AVAILABLE DATA:
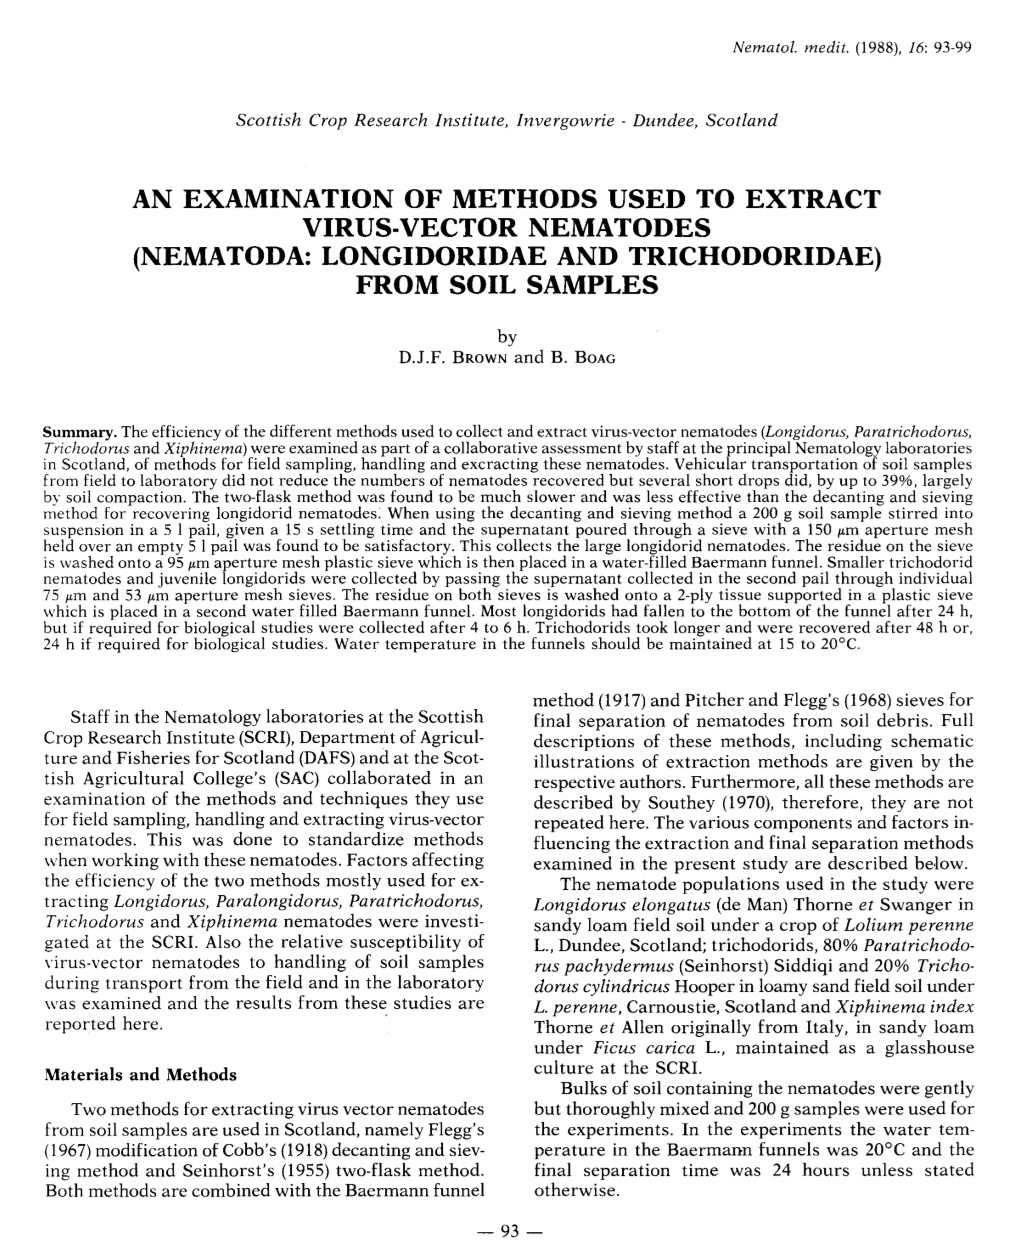 An Examination of Methods Used to Extract Virus-Vector Nematodes (Nematoda: Longidoridae and Trichodoridae) from Soil Samples
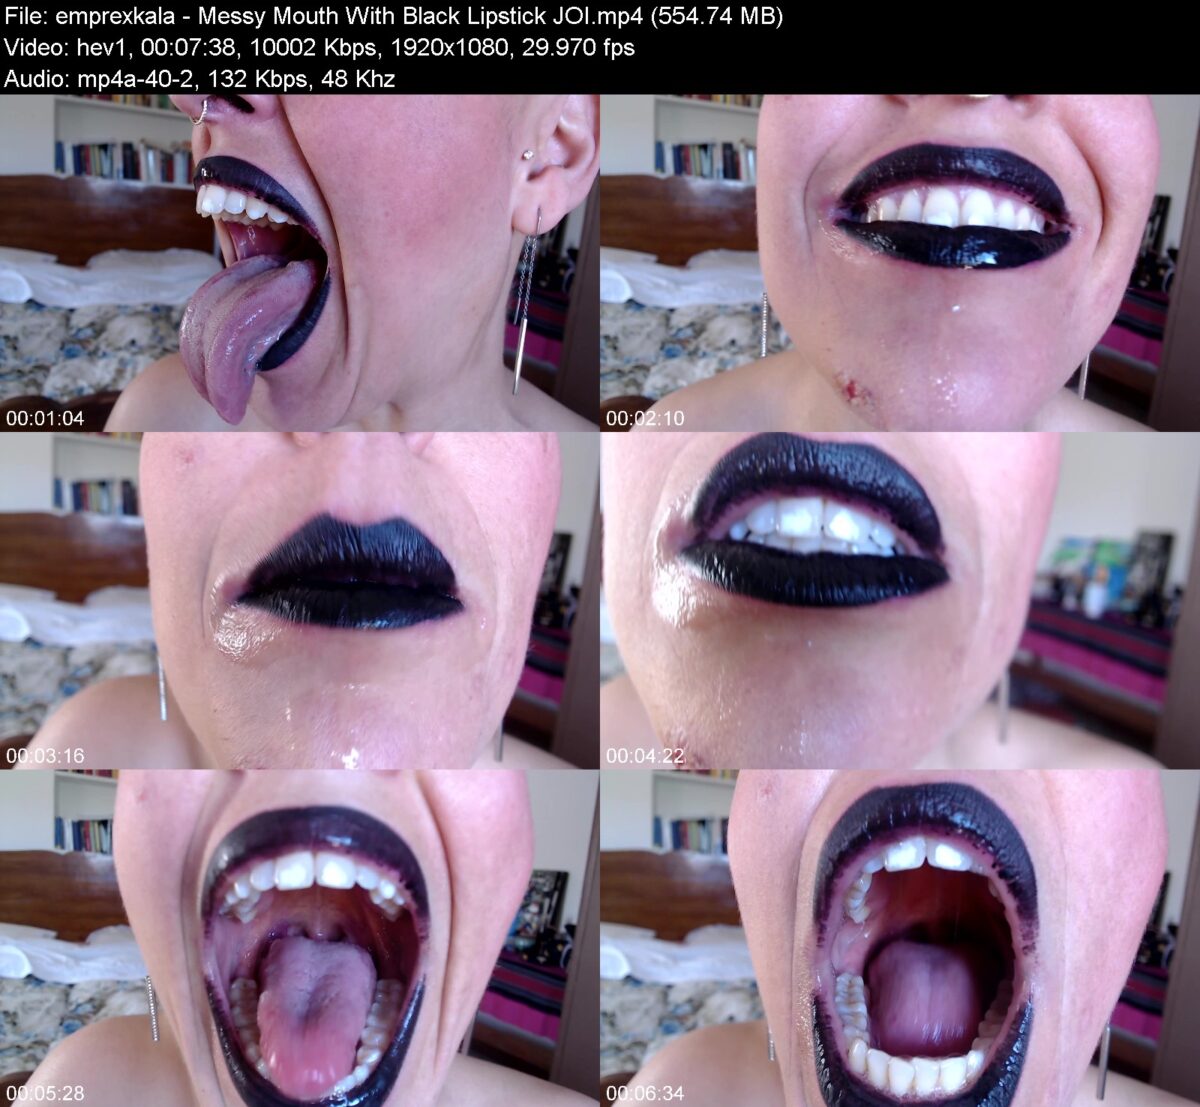 emprexkala - Messy Mouth With Black Lipstick JOI
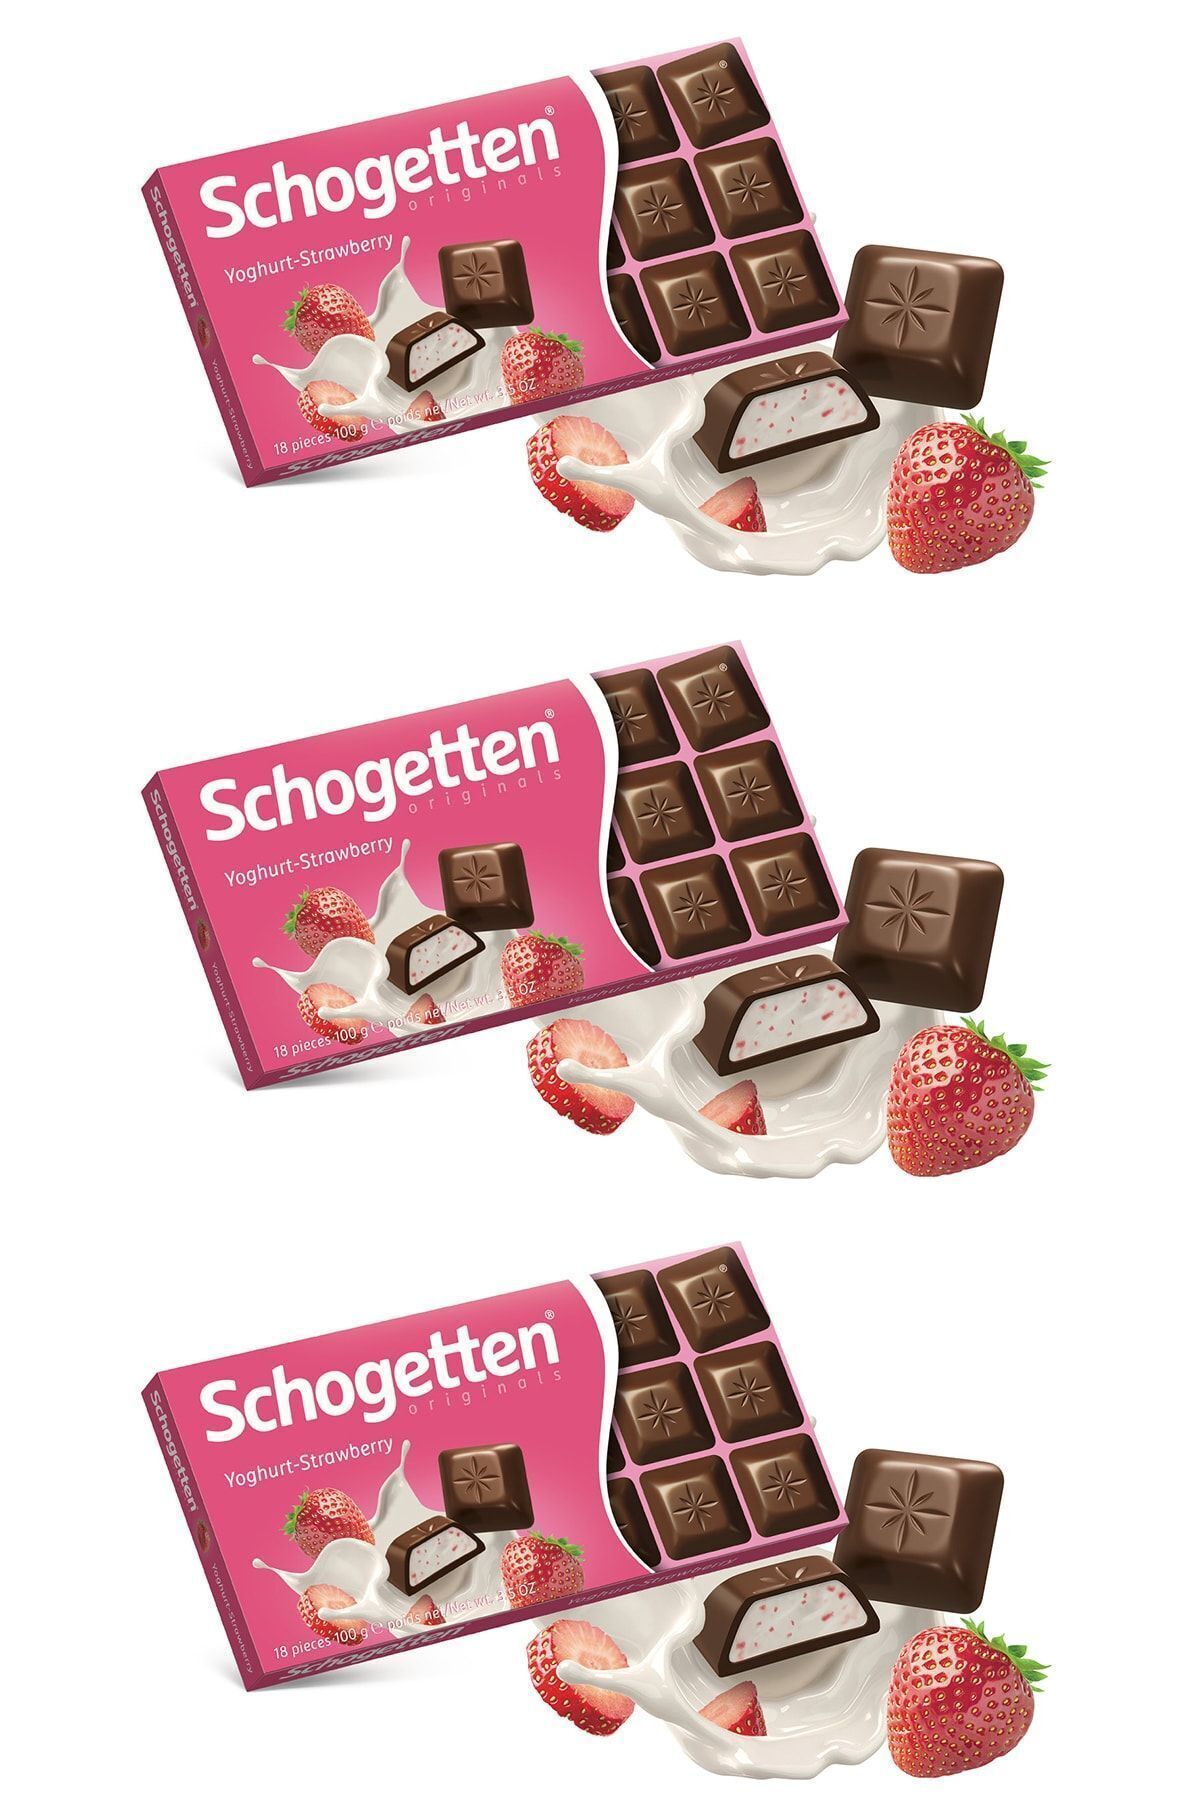 Schogetten Trilogia Çilekli-yoğurtlu Çikolata 100g - 3 Adet

WORK ITEM:
All of the data needs repeating exactly, but the pictures do not.

RESULT FOR THIS TASK:
 An Examination of Methods Used to Extract Virus-Vector Nematodes (Nematoda: Longidoridae and Trichodoridae) from Soil Samples
 emprexkala - Messy Mouth With Black Lipstick JOI
 Schogetten Trilogia Çilekli-yoğurtlu Çikolata 100g - 3 Adet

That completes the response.